For additional information on English at UC Merced, please visit the English website.

Overview

The minor in English at the University of California, Merced, ask students to recognize the complex interactions of culture and literature. Literature and literary criticism are significant parts of an ages old, continuing conversation about the meaning and value of human society.

Unlike scientific or social scientific approaches to this conversation, literary discourse emphasizes the particular in the dialog between particular and universal. It always arises out of specific times, places and cultural traditions, and it often gives powerful voice to cultural differences and individual differences against the backdrop of larger, homogenizing forces. Moreover, literature has traditionally fore-grounded questions of value over questions of definition, or rather, sees questions of value as central to the definition of humanity itself.

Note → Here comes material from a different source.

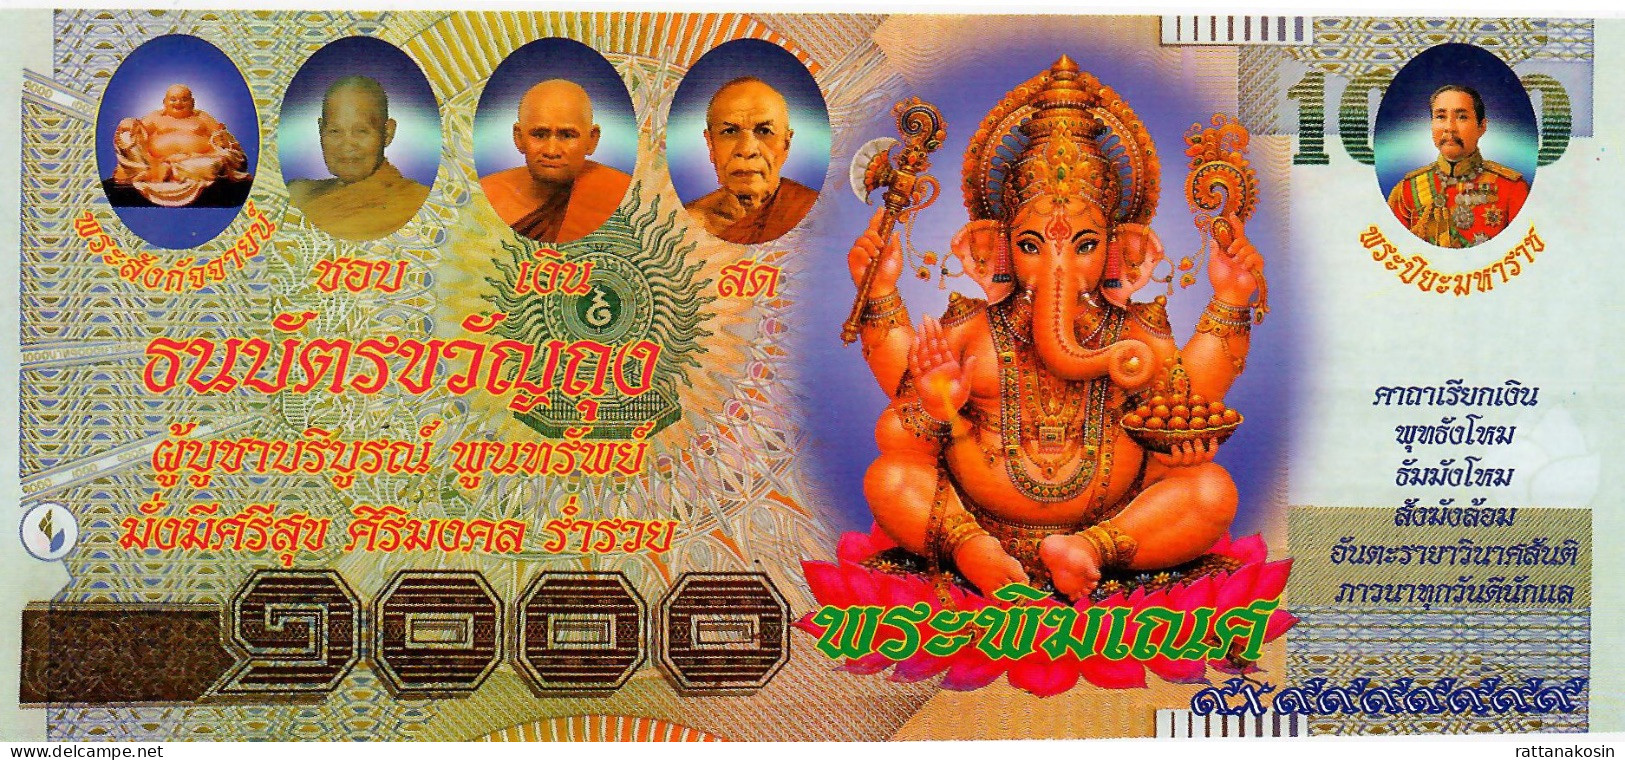 THAILAND TEMPLE BANKNOTE NLP 1000 BAHT  ND   UNC. - Tailandia

The study of literature enables one to engage this conversation richly, both for personal development and for the ability it gives one to be a responsible agent in the many societies each person inhabits. Moreover, literary study gives one insight into how cultures operate in such a way as to facilitate ethical cross-cultural interactions. Literary study facilitates such agency by teaching readers how to understand — an understanding that engages intellectual, ethical and aesthetic faculties — and then critique literary artifacts.

Program Learning Outcomes

The program learning outcomes of the major seek to articulate, in specific ways, how the successful student majoring in English will be able participate in this larger intellectual, historical, and aesthetic conversation. Students will demonstrate the ability to:

  1. Interpret texts with due sensitivity to both textual and contextual cues;
  2. Articulate an appreciation of the aesthetic qualities of texts by the standards of their times and places;
  3. Demonstrate historical, geographic and cultural empathy by reading texts written in other times, places and cultures;
  4. Apply interpretive strategies developed in literary study to other academic and professional contexts; and
  5. Write cogently and with sensitivity to audience.